This self-proclaimed "womanist" was born in Eatonton, Georgia in 1944 to a sharecropping family. At the age of eight, she was accidentally shot in the eye with a BB gun. Her parents did not have access to a car and, by the time she received medical attention, irreversible damage had been done. Walker spent much of her childhood withdrawn from others because of the disfigurement. She began to "really see people and things, to notice relationships and to learn to be patient enough to care about how they turned out" and wrote poetry to ease her loneliness (Draper 1808).
In 1961, Alice won a scholarship to Spelman College in Atlanta. Here, she became involved in the civil rights movement and participated in sit-ins at local businesses. Two years later, she transferred to Sarah Lawrence College in Bronxville, New York. She graduated in 1965.

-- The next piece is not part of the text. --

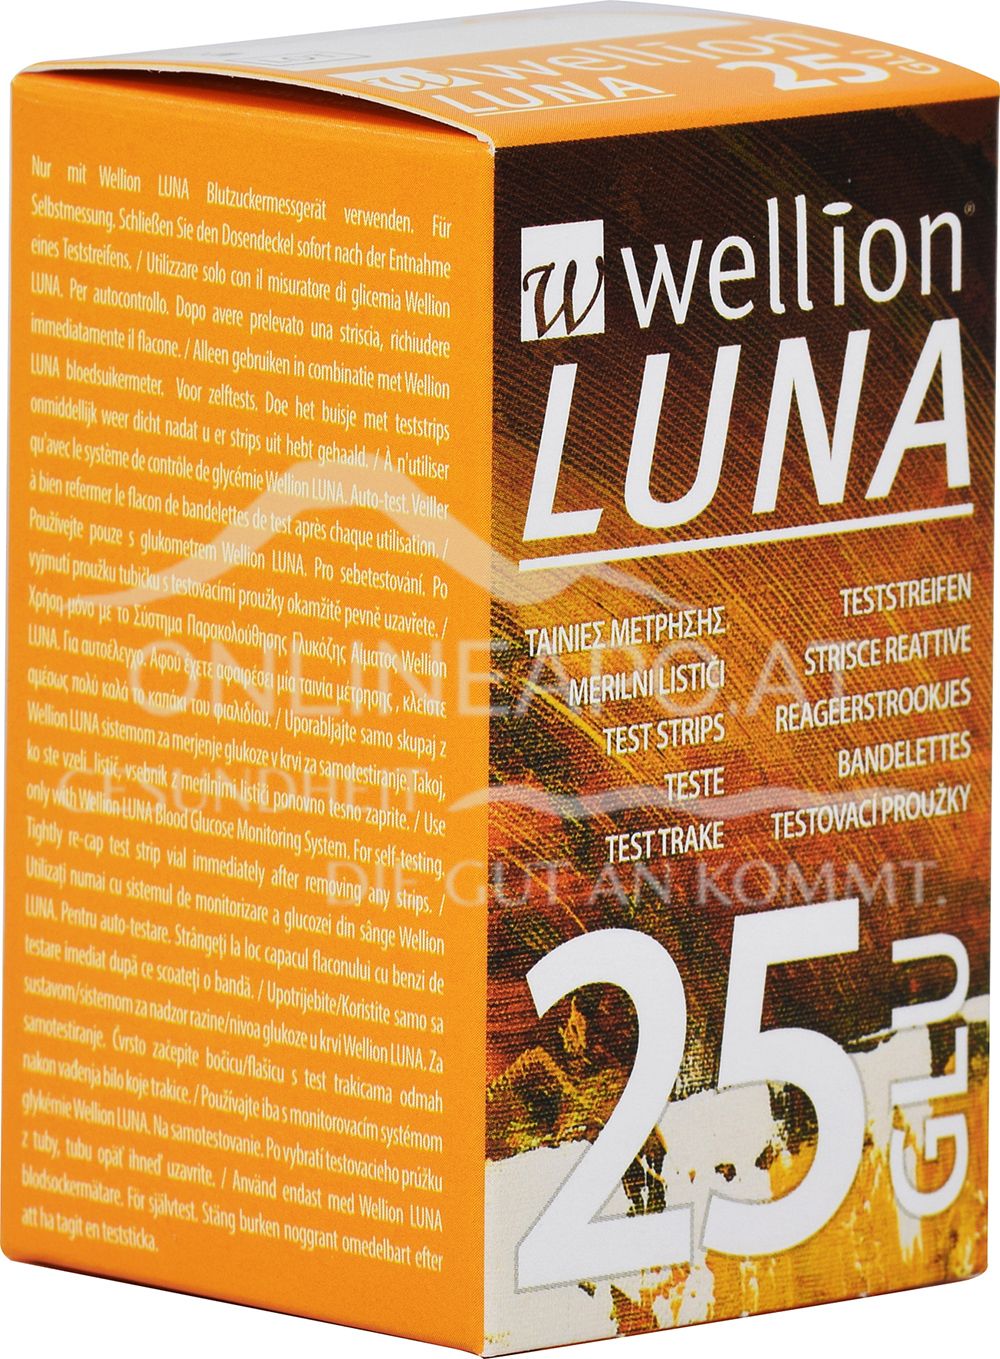 Wellion® LUNA Blutzuckerteststreifen GLU

The following summer was spent in Mississippi as an activist and teacher. She also met her future husband, Melvyn Leventhal, who was, at that time, a Jewish civil rights attorney.
Transformation-2
The two married in 1967 and continued their activist work in Mississippi. They were the first legally married interracial couple to live in the state capital of Jackson.
Since their divorce in 1976, Walker has focused more on her writing and has taught at various colleges and universities (Draper 1808).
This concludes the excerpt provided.